Die Aufforderung galt wohl den vielen Beratern, die längst im Gremium sitzen, wie etwa Unternehmensberater Thomas Zach, oder Kommunikationsberatern wie Gregor Schütze und Jürgen Beilein aus dem ÖVP-Freundeskreis, Lothar Lockl (Grüne) oder Heinz Lederer (SPÖ), ebenso Entertainmentunternehmern mit vielfältigen ORF-Berührungspunkten wie Herbert Fechter (ÖVP) und vielen anderen hier schon länger tätigen Interessenträgern, aber eben auch dem Neuzugang Stefan Kröll.

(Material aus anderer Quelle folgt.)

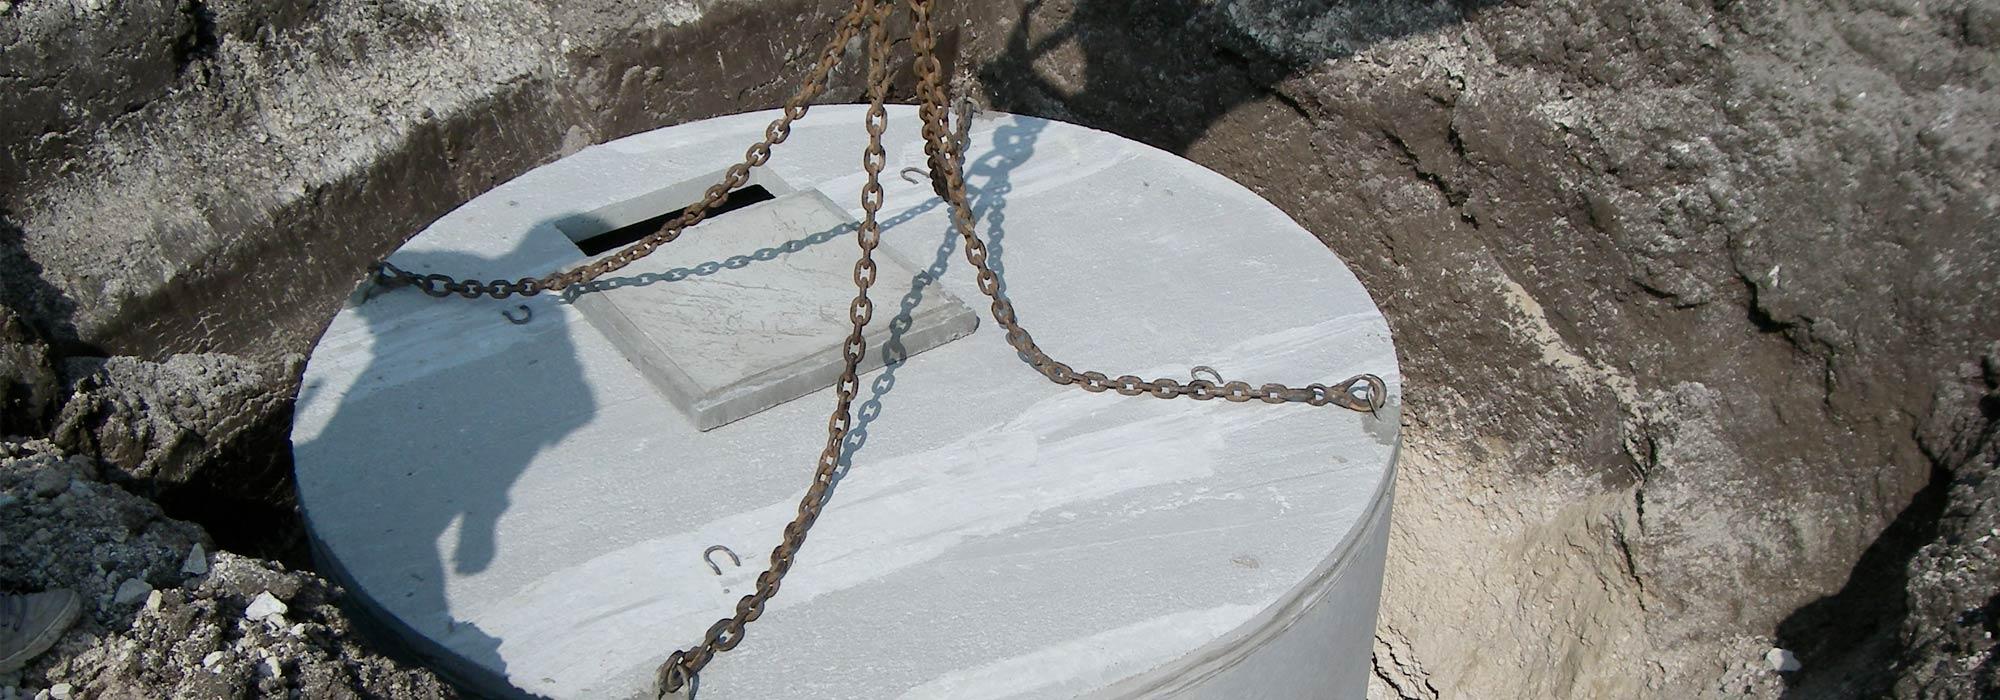 fabricant-fosse-septique-caby-hauts-de-france-lille-nord-arras-pas-de-calais-amiens-somme-compiegne-oise-rouen-seine-maritime

Ihnen allen schreibt das Verfassungsgesetz Rundfunk – wie auch dem Management und den Mitarbeiterinnen und Mitarbeitern des ORF – Unabhängigkeit vor, das Gesetz betont die Verpflichtung zum und die Haftung für das Wohl des ORF in ihrer rätlichen Tätigkeit.
Von Ischgl bis Seefeld, von Achensee bis Zillertal Tourismus
Kröll hält die Mehrheit an der von ihm seit 2003 geleiteten Agentur Promedia, die für zahlreiche Tourismusorganisationen in Tirol tätig ist – von Achensee Tourismus bis Zillertal Tourismus, Tirol Werbung, Innsbruck Werbung und Tourismusverband Paznaun – Ischgl inklusive.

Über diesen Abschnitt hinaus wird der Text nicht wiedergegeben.